"Theres gonna be a whole heck of a lot of surprised people when we all get to heaven!"
LOVE this!
'The Killer In Me'
[NAFDA] Spike-centric discussion. Lusty, lewd (only occasionally crude), risqué (and frisqué), bawdy (Oh, lawdy!), flirty ('cuz we're purty), raunchy talk inside. Caveat lector.
"Theres gonna be a whole heck of a lot of surprised people when we all get to heaven!"
LOVE this!
Personally I can really get my back up when someone starts insisting on an all loving creator who'll throw you out on a technicality.
Once at church camp someone asked the Pastor-o-the-Week about blasphemy and he said (and I've never been able to find some awesome source for this, so it might have been all his), "The only blasphemy is underestimation of the Diety."
Which has always stuck with me. And is a lense through which I take a look at any bold religious declaration. "Are you selling God short here? Do you REALLY want to do that?"
I love that too, Trudes.
I'm not saying everybody needs to believe in God, but if you're going to do it? DO it. Don't try and develop some sort of pocket-sized almighty that you can wrap your puny human brain around with ease.
The entire history of religion in America is, pretty much, UR DOING IT WRONG, HEY LET'S SCHISM! (With periodic waves of immigrants arriving and saying "HEY! THEY'RE DOING IT WRONG HERE! THEY'VE SCHISMED!!!")

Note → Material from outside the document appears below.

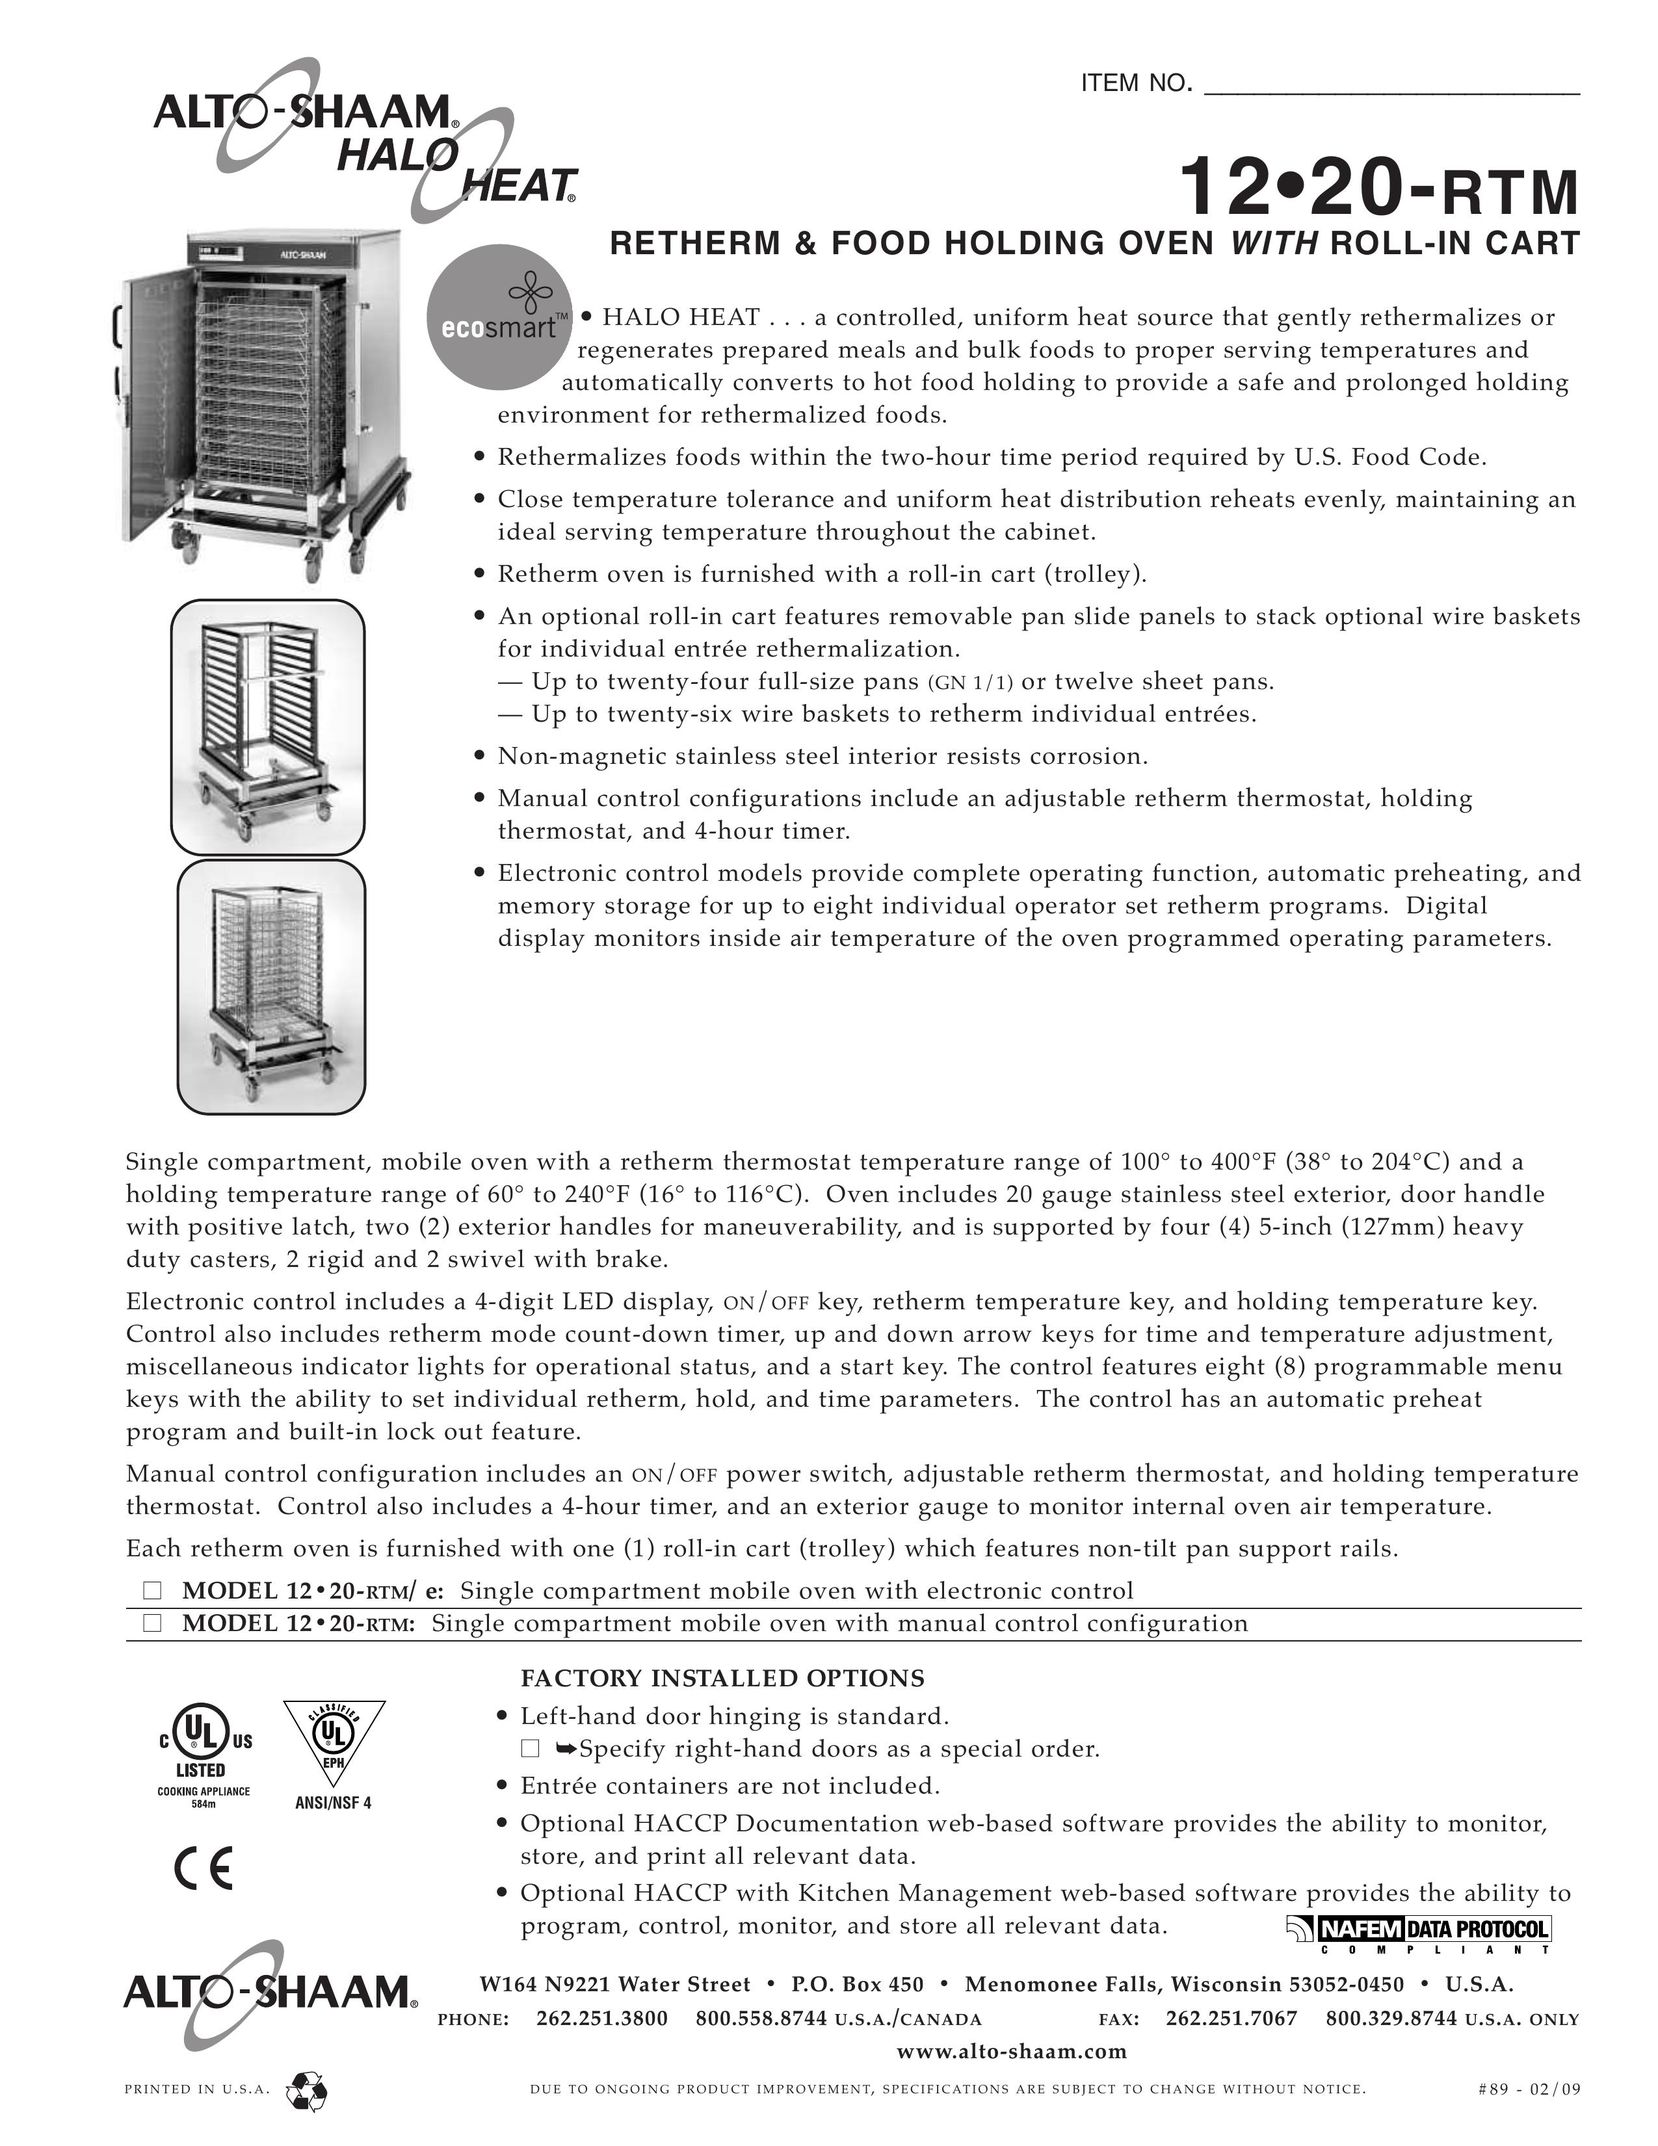 Alto-Shaam 1220-RTM/ e Oven User Manual

(I just recently finished listening to this really fantastic lecture series on American Religious History. Did you know that the Oneida silverware company started out as a freaky Christian sex cult in upstate NY? And they only started the metalwork thing to fund their freaky cult commune? Basically the Oneida family patriarch believed that sex was holy and you should have as much of it as possible, but orgasms and marriage were evil. So they got a lot of early converts who came for the promiscuity but left once they realized it wasn't going to be any fun. It didn't last long.)
Funny that their bread and butter is the marriage industry.
but orgasms and marriage were evil.Orgasms are evil? I get the tantric thing and all. don't get me wrong, it's heaven. but NO orgasms?!?! Um. Is that sex then? I'm confused.
It was sort of "every sperm is sacred" taken to a totally illogical extreme. In order to not waste sperm, men weren't allowed to have sex with premenopausal women until they could do it without ejaculating. (Female orgasms, unsurprisingly, didn't really count.)
There was also a kind of selective breeding program which determined who was allowed to ejaculate, and when, and into whom. Like I said, the commune pretty much fell apart after a single generation.
The town I grew up in had 12,500 people and at least 23 separate churches. All the way from Catholic to Protestant.
I keep fussing with my hair. I got it cut today, and I haven't quite figured out what to do with it. Also, she put some kind of "curl serum" in it that made it look good for about an hour, but then all the curls seemed to collapse, so my hair is just kind of wavy now. Do not want. (And I know that once I wash it again and put my own product in, it'll get back to curly, but right now, I'm too lazy.)